Zidane silences music of the spheres

Spain dared to believe that celestial forces were working in their dressing room after that extraordinary recovery against Yugoslavia in which they scored twice in injury time to reach the quarter-finals. But their dreams ran into the hard reality of a French team that has developed more gears and range in the two years since they won the World Cup.

Despite some splendid football from the Spanish, highlighted in breathtaking breaks from deep involving Raul, Alfonso and Pedro Munitis, not yet established enough to drop his forename, the French seemed always to have an edge.

They also had most of their players performing at their peak, and when that is the case there are few sides in the world who can contain them. Some, of course, will always have a head or shoulder advantage on team mates and inevitably one of them was Zinedine Zidane.

Zidane, one of those allowed to put his twinkling feet up while the reserves contested the final group game against Holland, was in absolutely majestic form, playing like a man who had been denied a touch of a football for six months.

His first serious involvement was a weaving crossfield run which should have ended in something more spectacular than Christophe Dugarry's cross into touch and from there, he simply got better.

Thierry Henry, who in horseracing terms has improved a stone since joining Arsenal, twisted in and out of three defenders as casually as though he were dribbling round cones on the training field, even if his finishing shot was off target. And when he found himself getting little joy from Abelardo, he came deep to collect the ball and get a running start on the Spanish defence.

Working magnificently behind the scenes were Youri Djorkaeff and Didier Deschamps. The latter claims that he needs to express only 50% of his talent for Chelsea but there was no doubt here that, in managerspeak, he was giv ing 120%. Yet even his display was eclipsed by that of Djorkaeff, for whom a magnificent winner was simply an embellishment.

How different these quarter-finals have been from those at Euro 96. Then, the knockout stages produced a series of matches in which the majority of teams played dreary, cautious, almost miserly football, seemingly developing a Leicester-style fondness for penalty shoot-outs.

Four matches then were decided by shoot-outs, with even the final decided by the so-called golden goal - an inappropriate description as it normally separates teams who provide nothing but dross.

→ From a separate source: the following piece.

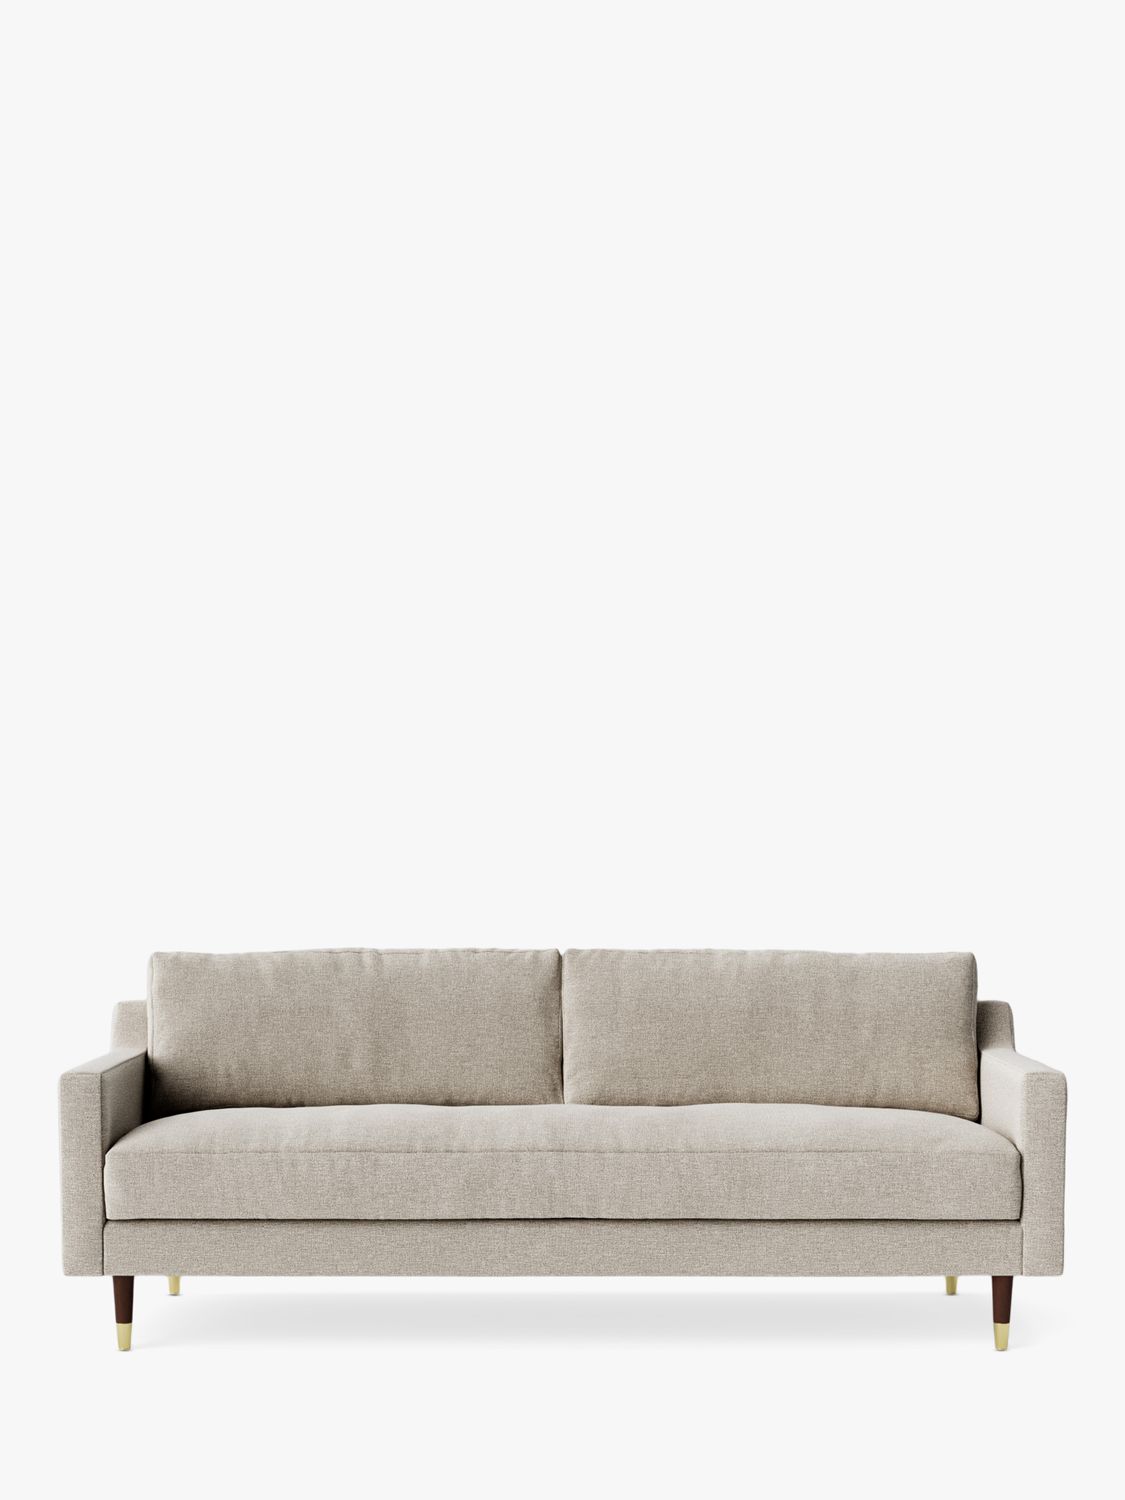 Swoon Rieti Large 3 Seater Sofa

Here, the football has become even richer since the best teams claimed their places in the last eight, seemingly determined to make any artificial means of deciding the games redundant. Extra time looked a near-certainty here when Raul stepped up to take his penalty, but in this case the extra half-hour would only have been a result of both teams' rampant ambition, rather than their negativity.

Spain's last-gasp "penalty" looked generous in the extreme after Munitis went down from the tiniest of connection from Lilian Thuram.

In truth France played not only like men who are world champions but who do not believe they can be beaten here. It is a growing feeling here.

Their two goals, Djorkaeff's and the remarkable free-kick from Zidane, were as good as we have seen in the tournament. It will take an exceptional side to deny them the trophy on Sunday.